La vierge Marie est la meilleure illustration de cela, comme le montre ce dialogue :
Une femme éleva la voix au milieu de la foule pour lui dire : « Heureuse la mère qui t’a porté en elle, et dont les seins t’ont nourri ! »
28 Alors Jésus lui déclara : « Heureux plutôt ceux qui écoutent la parole de Dieu, et qui la gardent ! » (Lc 11, 27-28)
Il ne s’agit pas tant de ce qu’elle a fait (porter et nourrir le christ) mais de l’action de la Parole en elle. Nous fêtons d’ailleurs son Assomption, mot qui vient du verbe latin ascendo au passif : être élevé. La vierge Marie, “humble servante” a été élevé au plus haut des cieux.

Et nous ? Saurons-nous mettre toute notre liberté à rechercher la volonté de Dieu, en acceptant que c’est lui qui sauve en demandant d’être sauvé ?

En guise de conclusion :
Nous savions à qui s’adresse la parabole : à ceux qui se croient justes. Le Seigneur n’est pas seulement venu leur donner une leçon de savoir vivre en société ou des consignes de bonne camaraderie. Il nous montre l’importance de l’humilité et de la justice/justesse, non seulement pour cette terre mais pour la vie éternelle. Il nous montre que l’amour, que nous témoignons à nos frères, est la clef de l’amour que nous apprendrons à avoir pour Dieu. Il nous montre que notre amour pour Dieu rejaillit naturellement en amour pour nos frères.

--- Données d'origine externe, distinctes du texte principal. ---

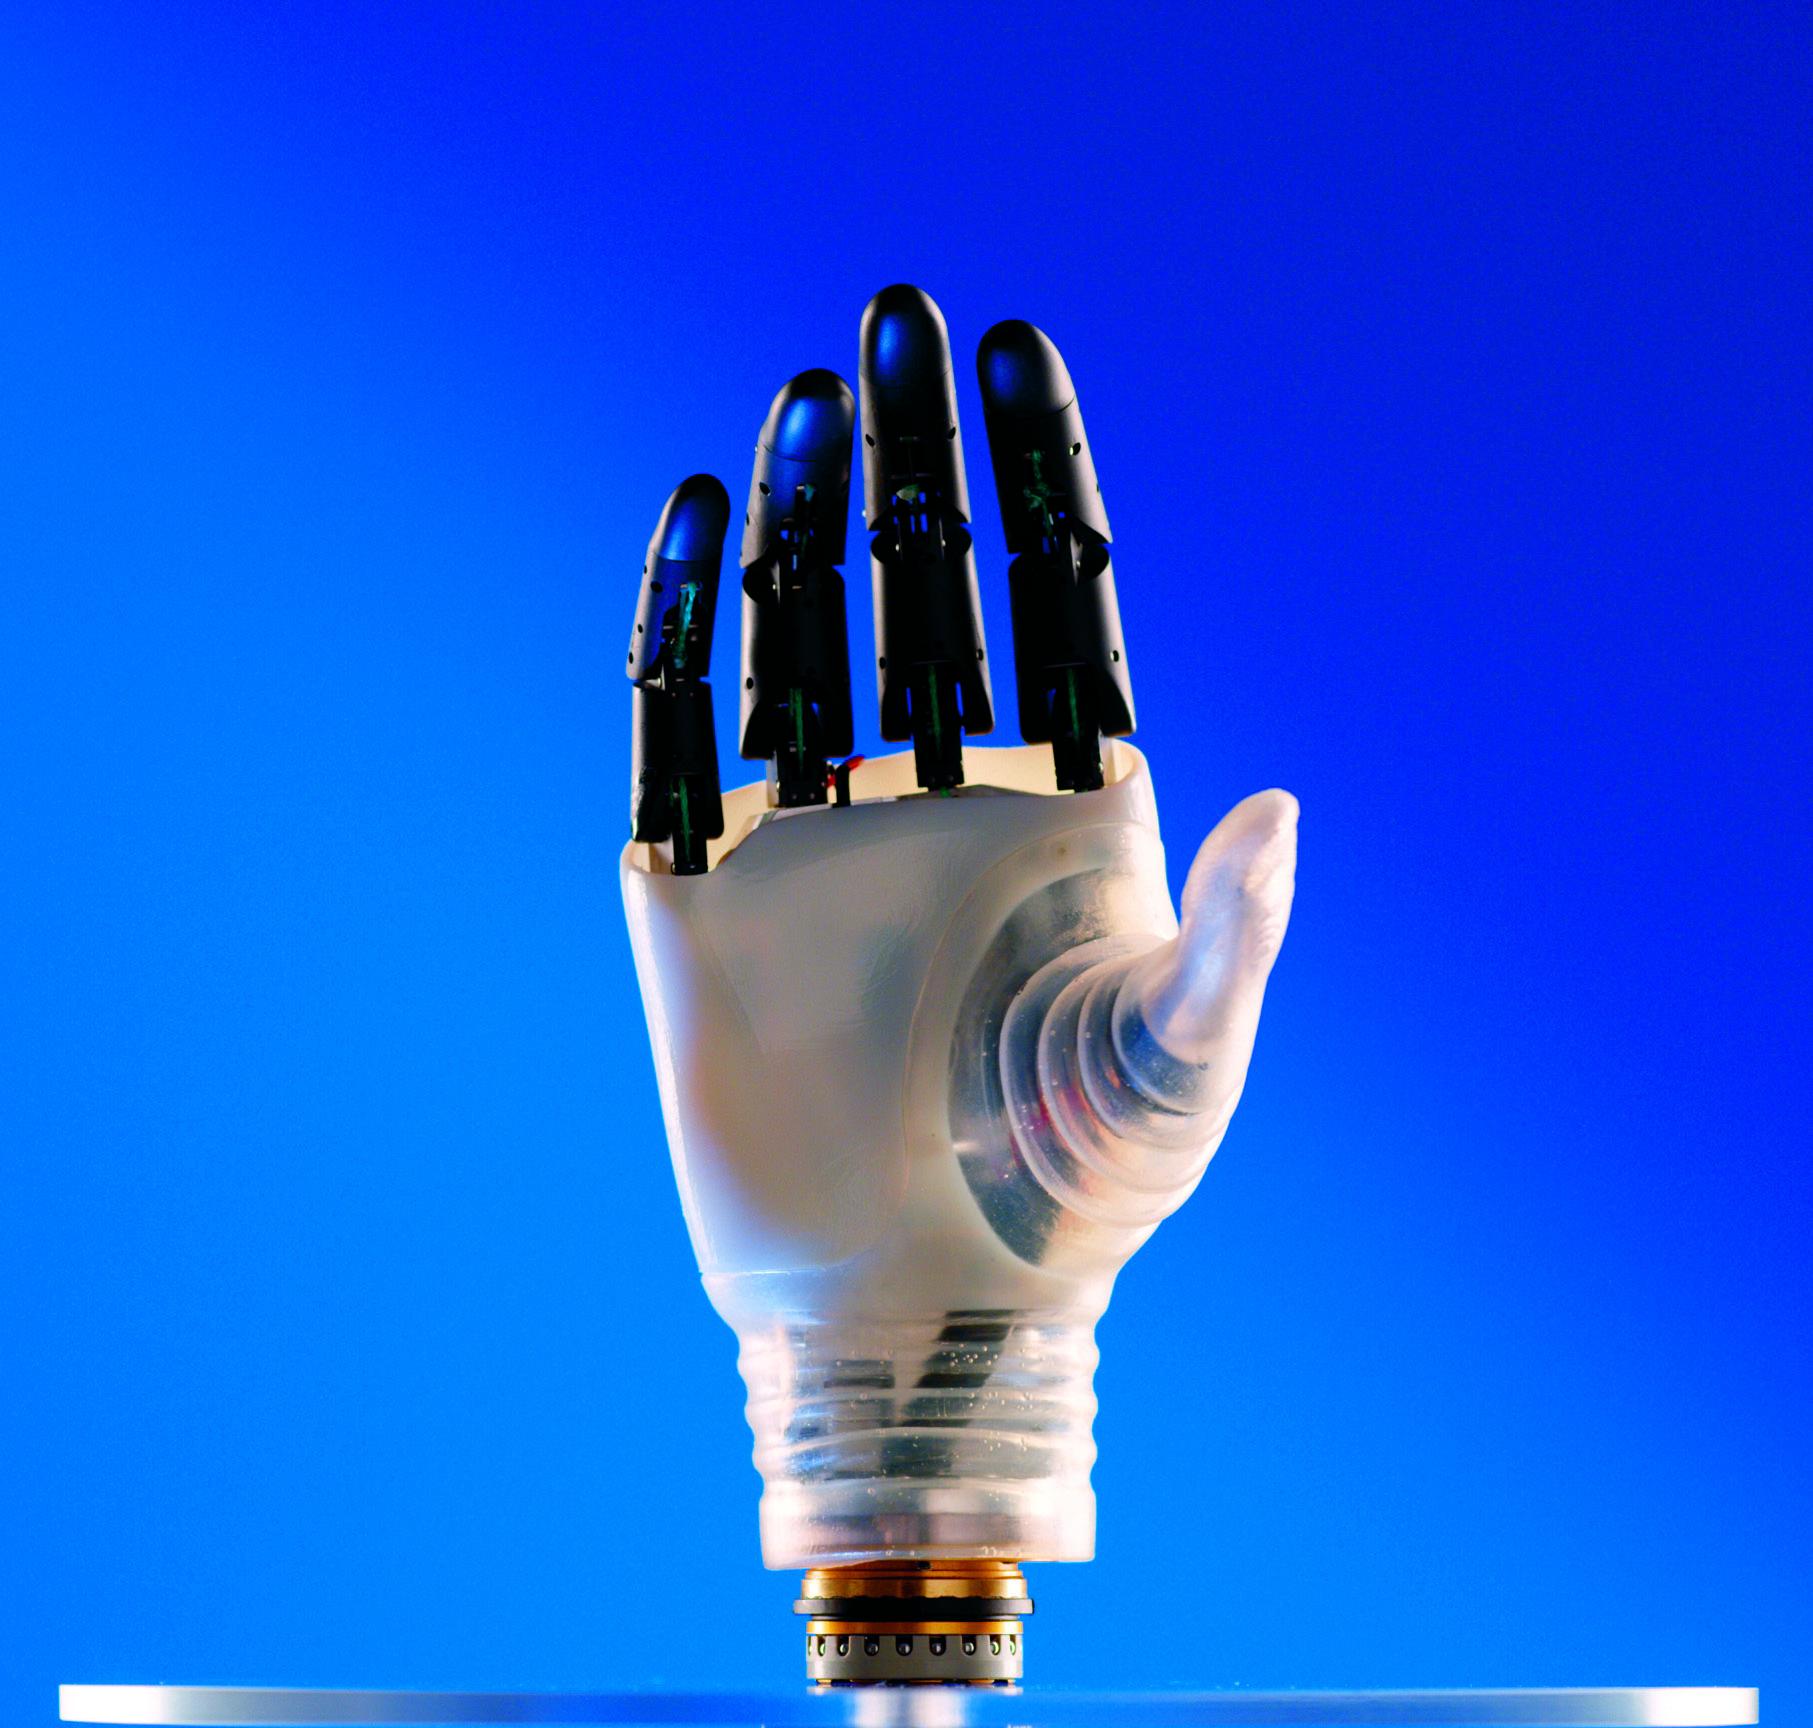 Hannes protesi di mano robotica sviluppata da IIT e INAIL, 2019. Genova, IIT Istituto Italiano di Tecnologia. © Istituto Italiano di Tecnologia
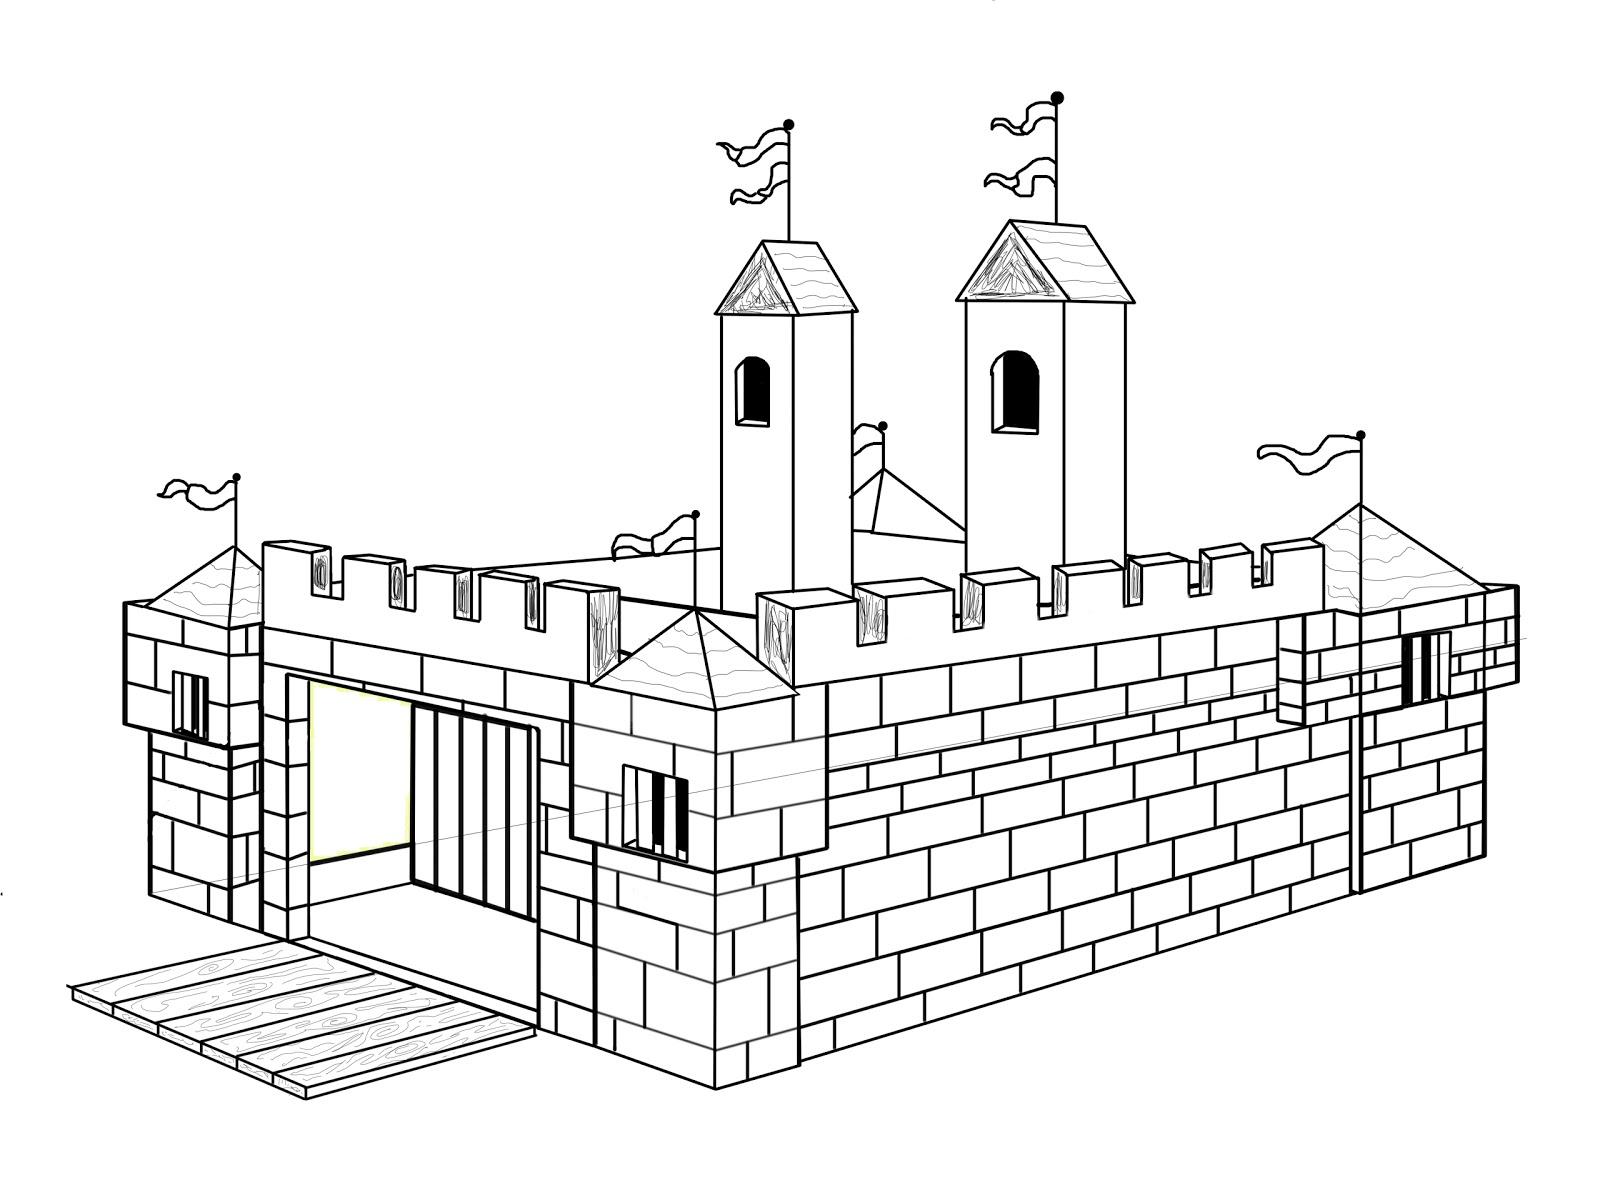 Coloriage Chateau Fort À Imprimer Sur Coloriages concernant Coloriage À Imprimer Chateau De Princesse

L’orgueil qui nous empêche de nous voir en vérité, ou qui nous fait juger nos frères, est aussi l’obstacle insurmontable qui nous empêche d’accueillir la grâce de Dieu qui justifie et qui sauve. Une fois de plus, nous voyons combien les deux commandements de l’amour (de Dieu et des frères) sont liés et ne font qu’un. Puisons en Dieu la force et la joie d’aimer nos frères, apprenons en aimant nos frères à aimer Dieu notre Père.